No matter how sweetly she says she'll "never, ever, ever do dat again!"
DON'T TRUST THE TWO YEAR OLD.
It doesn't matter if you made a deal with her.
It doesn't matter if you tried to avoid the situation by placing things atop a five foot high shelving unit.
It doesn't matter that after the last time it happened, you went out and bought a different type of creme with a harder lid to open.
YOU STILL CANNOT TRUST THE TWO YEAR OLD.
Because, in the end, it's you, the toys, and the wipes who will lose out.
And the two year old will just laugh.
4 comments:
It just gets progressively worse, trust me.
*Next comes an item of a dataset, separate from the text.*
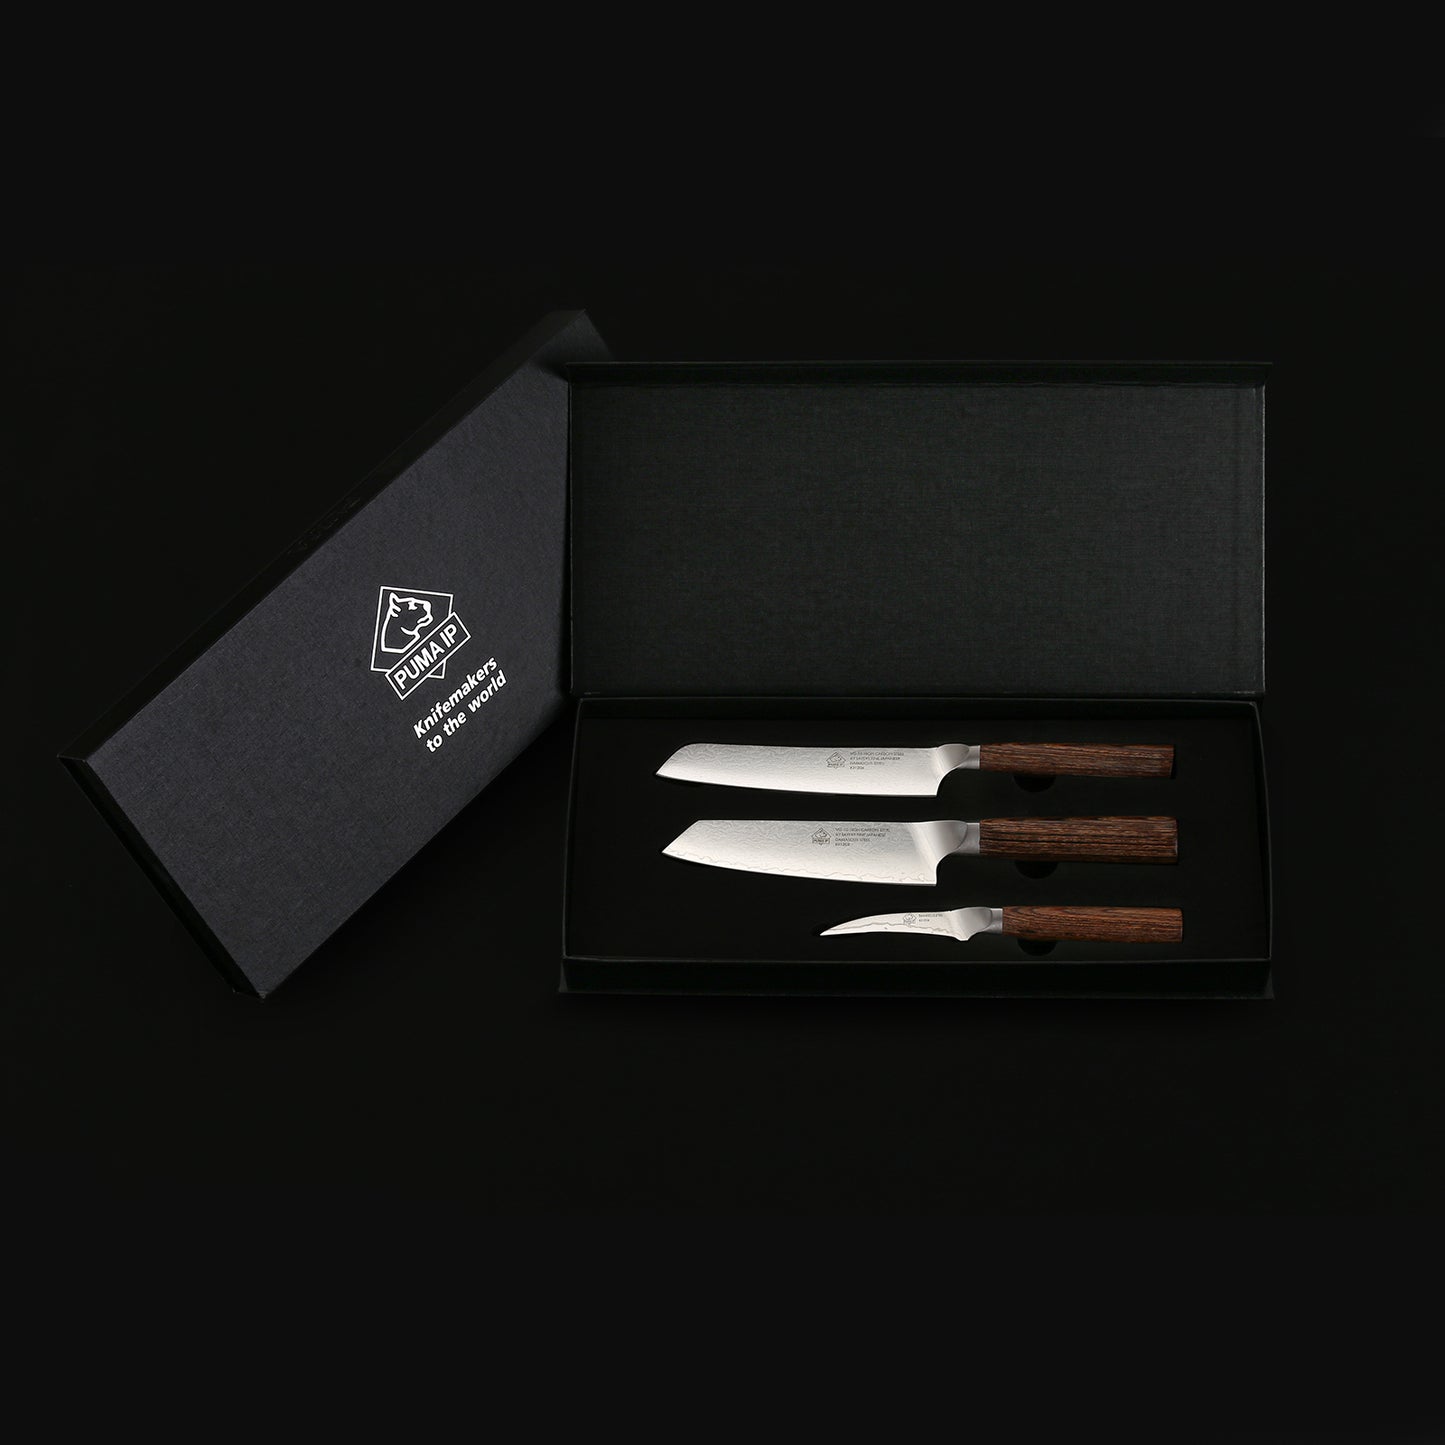 PUMA IP set of 3: small chef, santoku & curved paring knife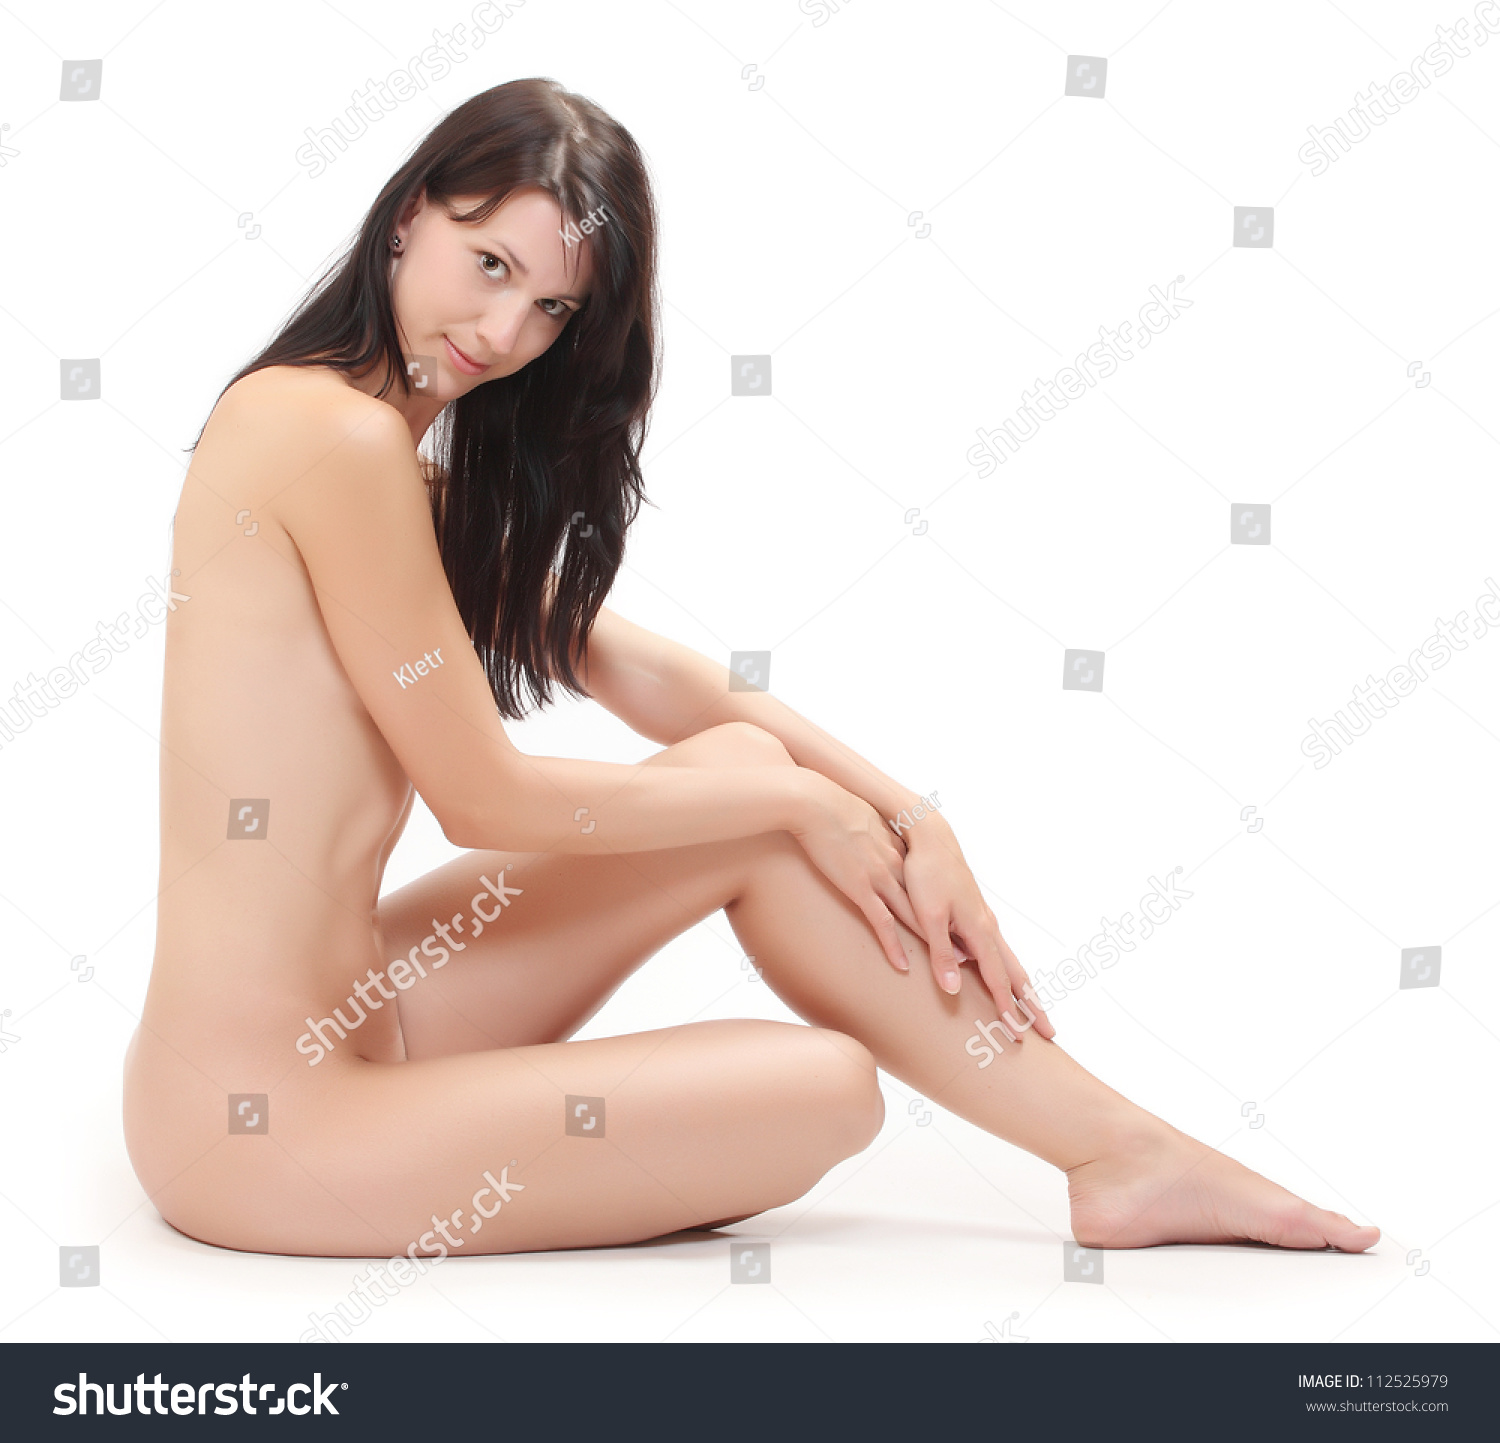 Healthy Nude Women 55

Wait until she negotiates with you. That's always pleasant.
dude that sucks. lol
Maidink~Oh, I'm totally looking forward to that!
Candice~Yeah, totally, but at least I was able to get Armondo to clean it up!
OMG that stuff is awesome though. Is it penaten (sp?) cream... the blue container with the shepherd guy on it?
Ok so when I was a kid (4 maybe?) I covered myself (head to toe...) in that stuff when my mom fell asleep on my bed whilst reading me a story. When she woke up I was basically an albino and she yelled at me.
But still, it was GOOD. That stuff rules.